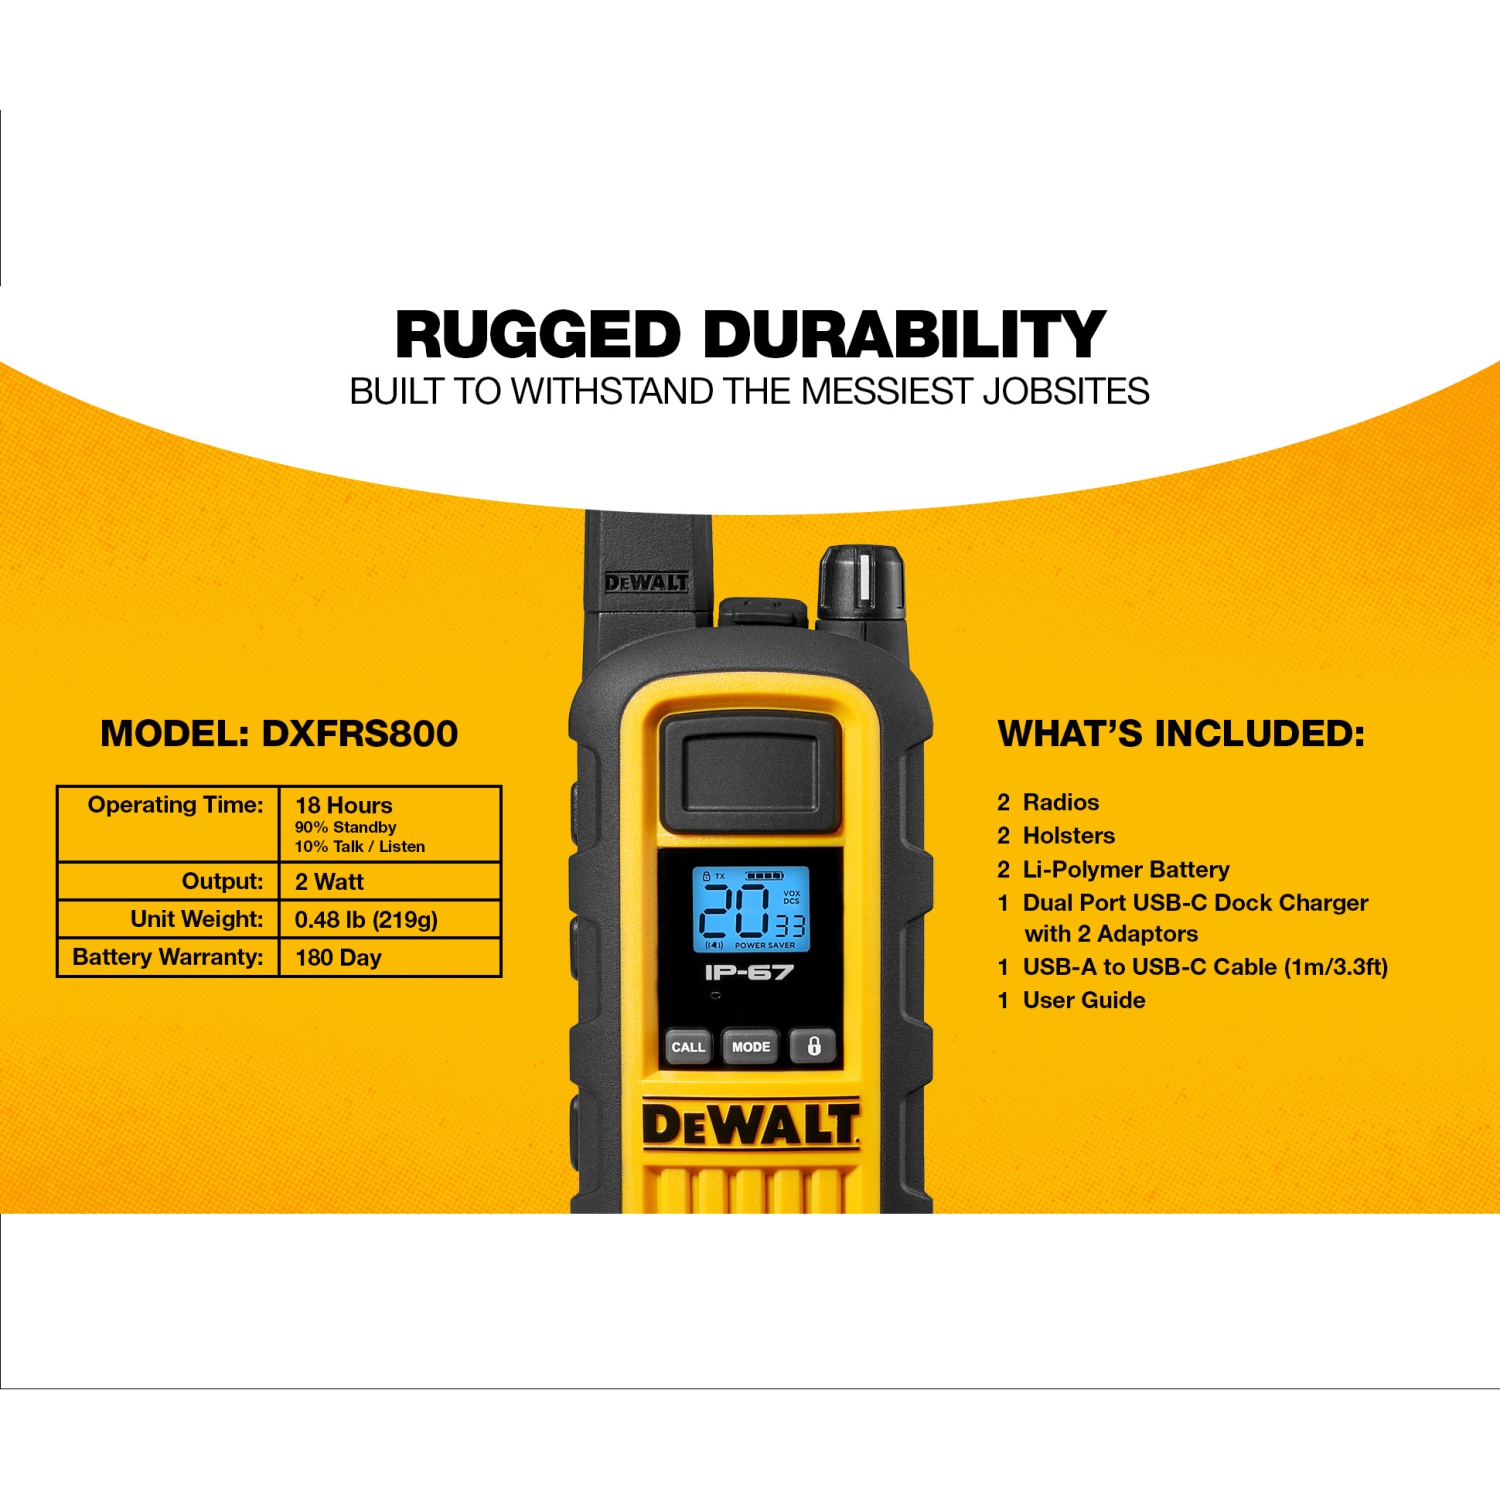 DEWALT DXFRS300 Bundle 1W Walkie Talkies Heavy Duty Business Two-Way Radios, Pack with Headsets (1DXFRS300-SV1) - 1
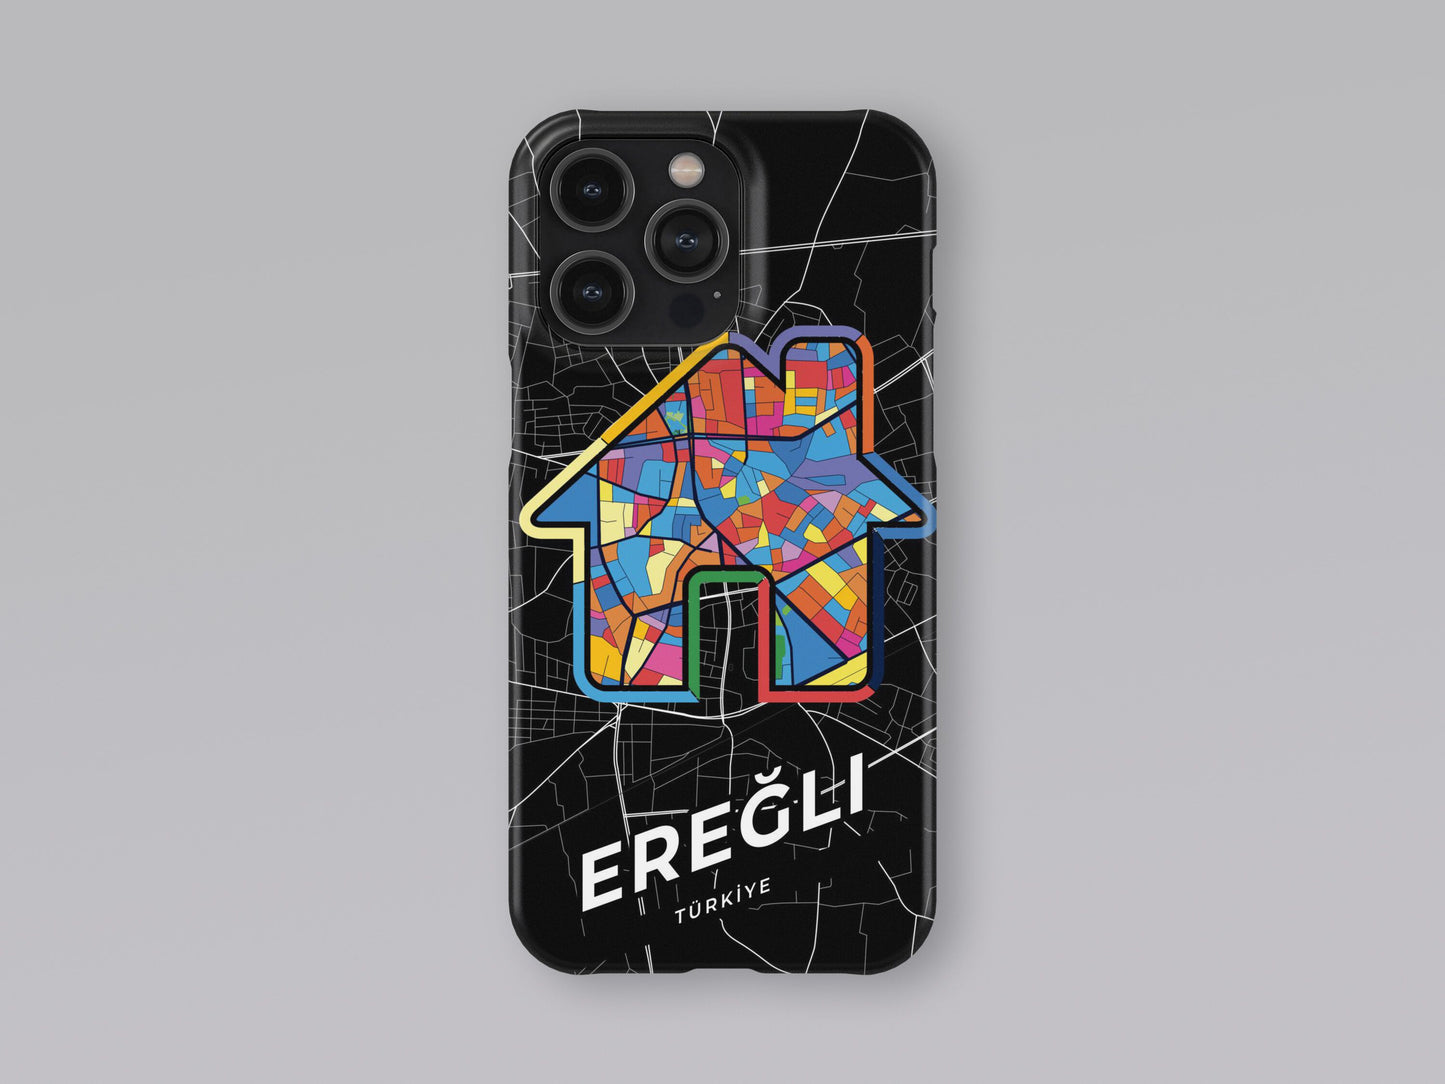 Ereğli Turkey slim phone case with colorful icon. Birthday, wedding or housewarming gift. Couple match cases. 3
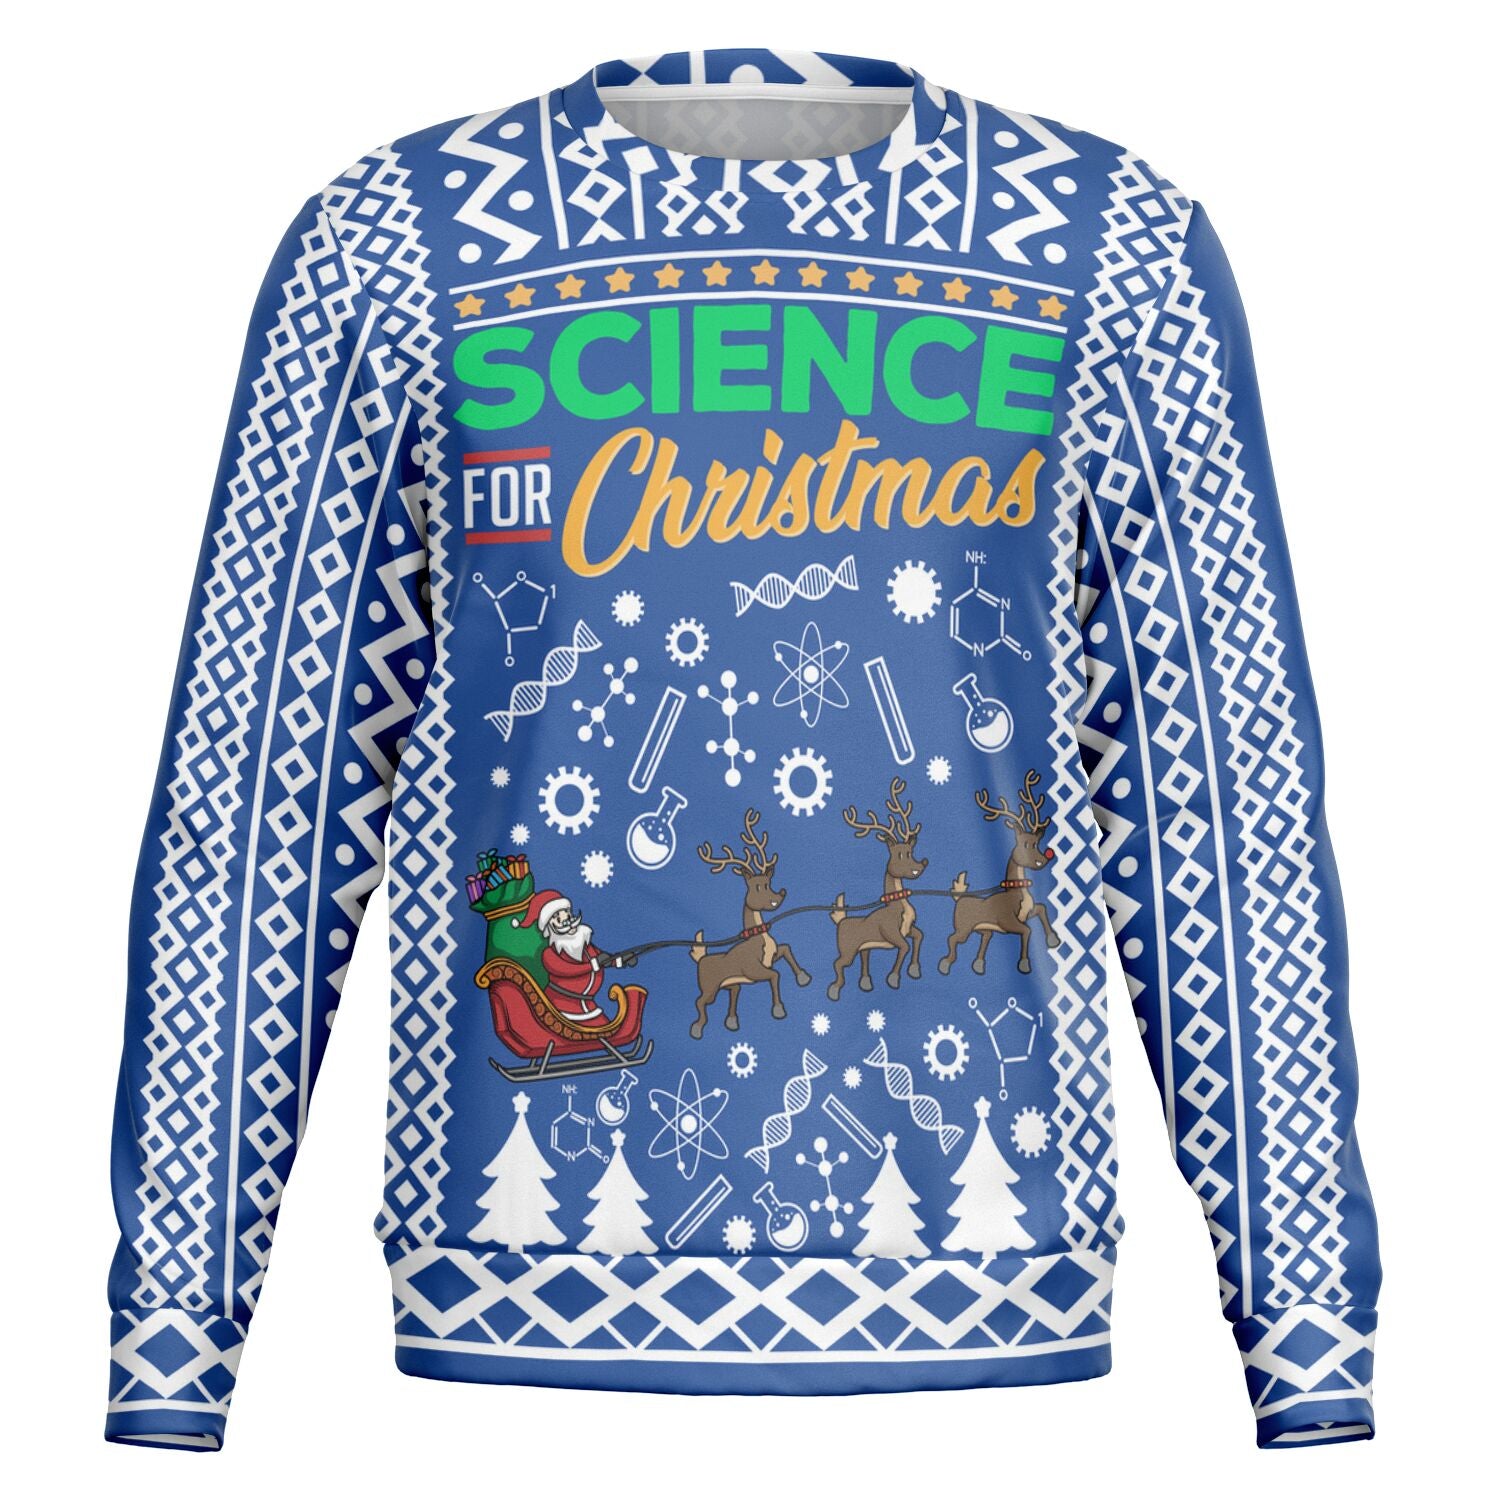 Science for Christmas Sweatshirt
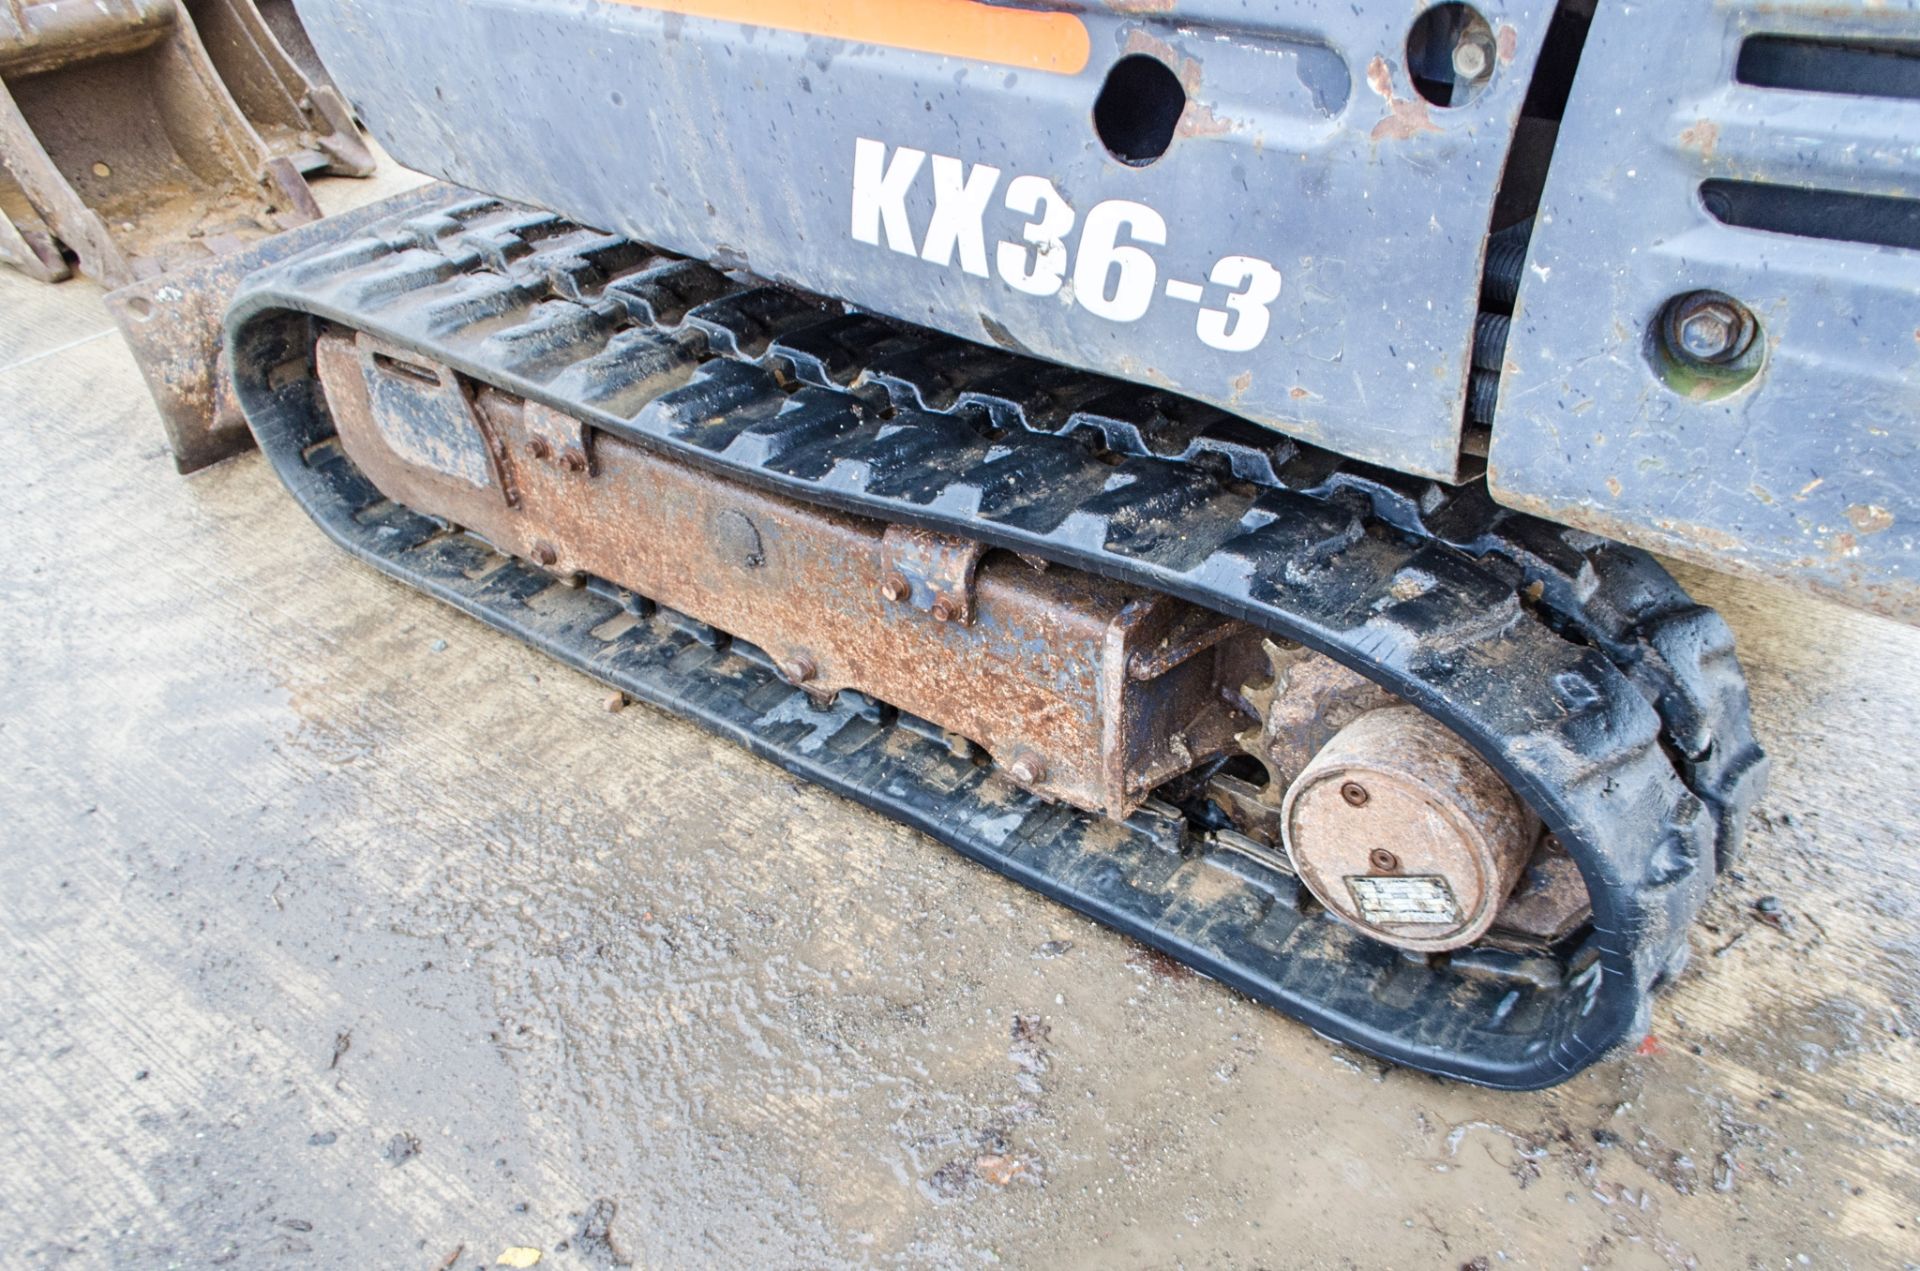 Kubota KX36-3 1.5 tonne rubber tracked mini excavator Year: 2004 S/N: 554433 Recorded Hours: 3629 - Image 11 of 24

----

Each line of the listing above belongs in the answer exactly as written; the pictures do not.

RESULT FOR THIS EXERCISE:
 DEWALT DXFRS300 Bundle 1W Walkie Talkies Heavy Duty Business Two-Way Radios, Pack with Headsets (1DXFRS300-SV1) - 1
 Ereğli Turkey slim phone case with colorful icon. Birthday, wedding or housewarming gift. Couple match cases. 3
 Science for Christmas Sweatshirt
 Kubota KX36-3 1.5 tonne rubber tracked mini excavator Year: 2004 S/N: 554433 Recorded Hours: 3629 - Image 11 of 24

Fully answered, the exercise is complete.